Let’s look at an example of using transcribe_audio:
# Example usage
audio_path = "/content/audio.wav" # Replace with your audio file path
transcribed_text = transcribe_audio(audio_path)
print("Transcribed Text:", transcribed_text)
The code above shows how we can call transcribe_audio, passing our audio file path to get back the text transcript. This demonstrates the simplicity of using the function to transcribe any audio file into text.
Output:
Transcribed Text: The stale smell of old beer lingers. It takes heat to bring out the odor. A cold dip restores health and zest. A salt pickle tastes fine with ham. Tacos al pastor are my favorite. A zestful food is the hot cross bun.
After transcribing the audio, the resulting text transcript can often be lengthy. For generating images, long descriptions are hard to interpret.
To address this, creating a summary can concisely capture the essence of the transcript.
We’ll load the T5 text summarization model and create a function to generate summaries:
# Function to summarize text
def summarize_text(text):
# Adjust max_length based on input text length
max_length = min(len(text) + 10, 15) # Add a buffer of 10 tokens and cap at 15
summary = summarization_pipeline(text, max_length=max_length, min_length=5, do_sample=False)[0]['summary_text']
return summary
summarized_text = summarize_text(transcribed_text)
print("Summarized Text:", summarized_text)
This function uses a library that streamlines the summarization process.

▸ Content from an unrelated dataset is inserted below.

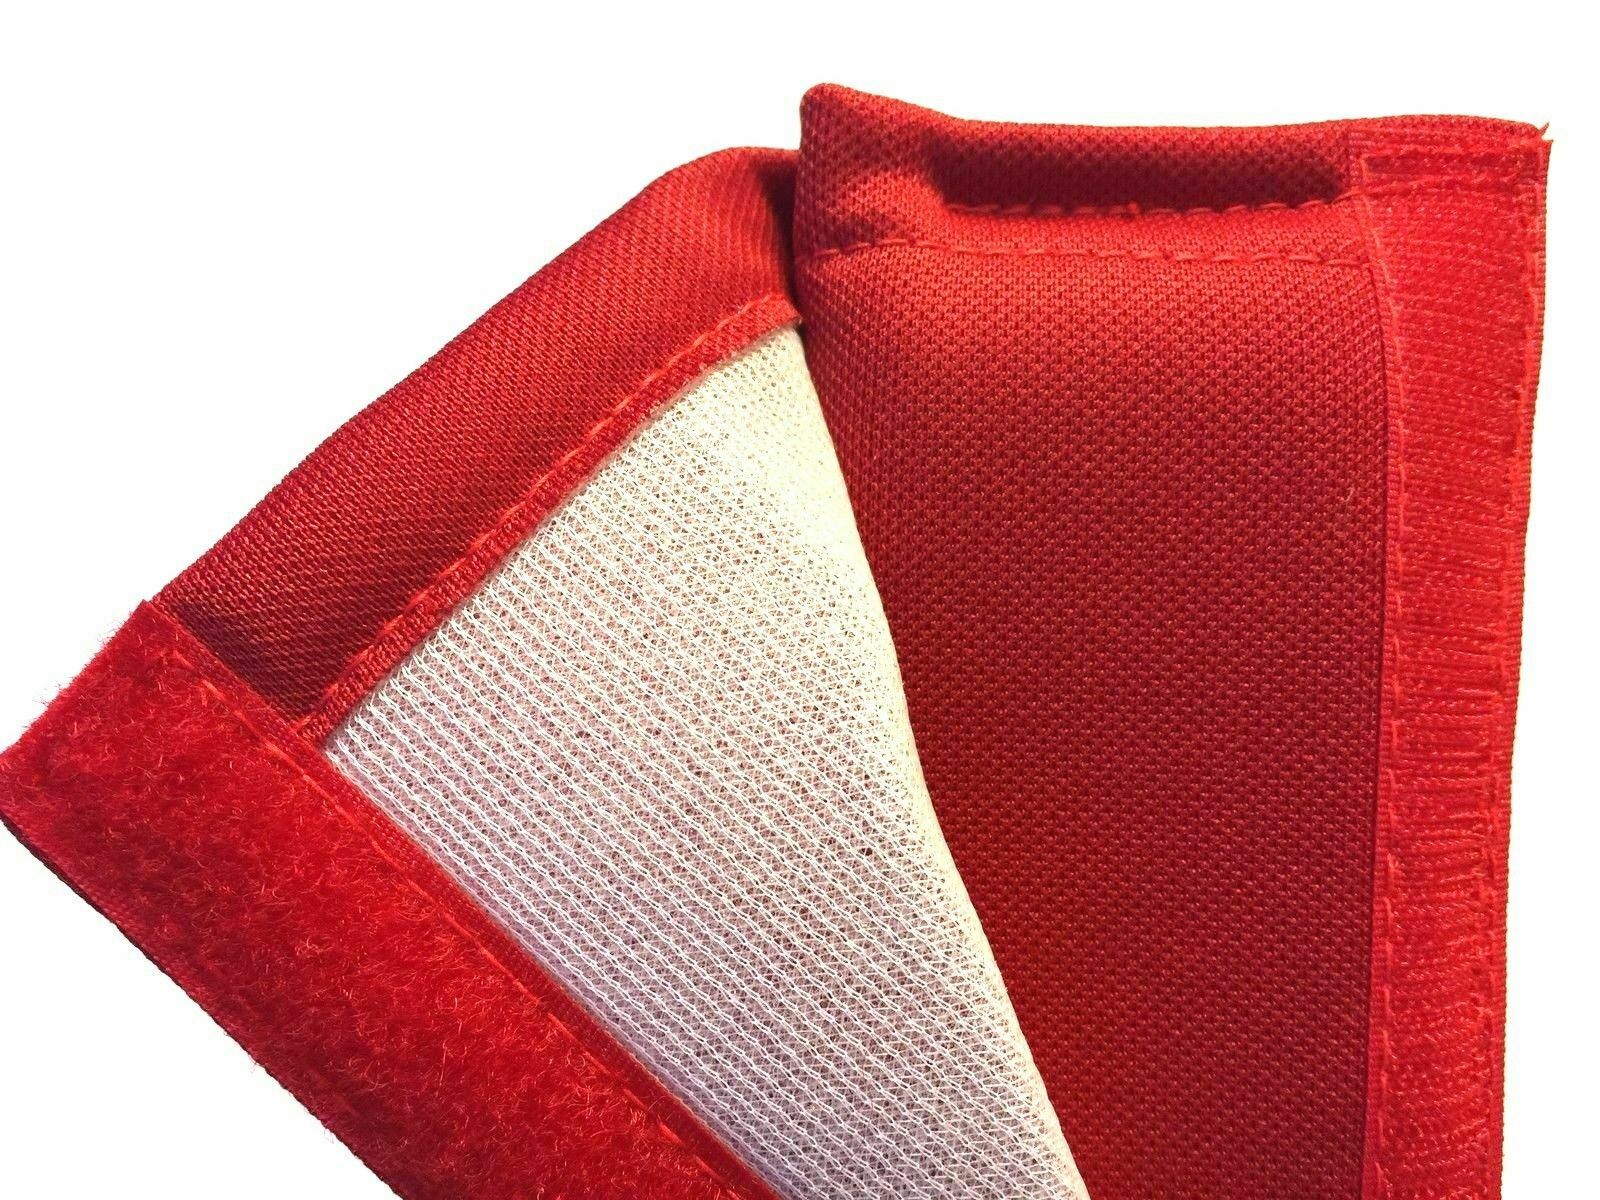 Honda ASIMO Seatbelt Cover Set for Kei Trucks - RED - Comfortable, Embroidered Cotton, Universal Fit, Easy to Install, Stylish Protection

We’ve set it up to adjust the maximum length based on the input text’s length, ensuring an effective summary. Finally, we print the summarized text.
With the summarized text, the next step is to transform it into cool visual imagery. This is where our project reaches its artistic peak. To achieve this, we utilize yet another piece of Python code.
# Generate image from summarized text
generated_image = text_to_image_pipe(summarized_text).images[0]
# Display or save the generated image as needed
generated_image.save("generated_image.png")
#Display the generated image
display(generated_image)
In this code, we take the summarized text as input; using an innovative model, the function generates an image corresponding to the text’s content. Once the image is generated, we can display it or save it as a file for later use. The result is a captivating visual representation of the spoken words, ready to be admired or shared.
Here is the output:
Now that you’ve seen how we transform audio into amazing images, how about taking it a step further? Imagine creating your own app where you and others can turn spoken words into captivating visuals.
And here’s the best part: you don’t need to be a coding expert. User-friendly tools like Gradio and Streamlit are fantastic choices for building your app. So, what are you waiting for? Dive into this creative journey and let your imagination take the lead with audio and machine learning!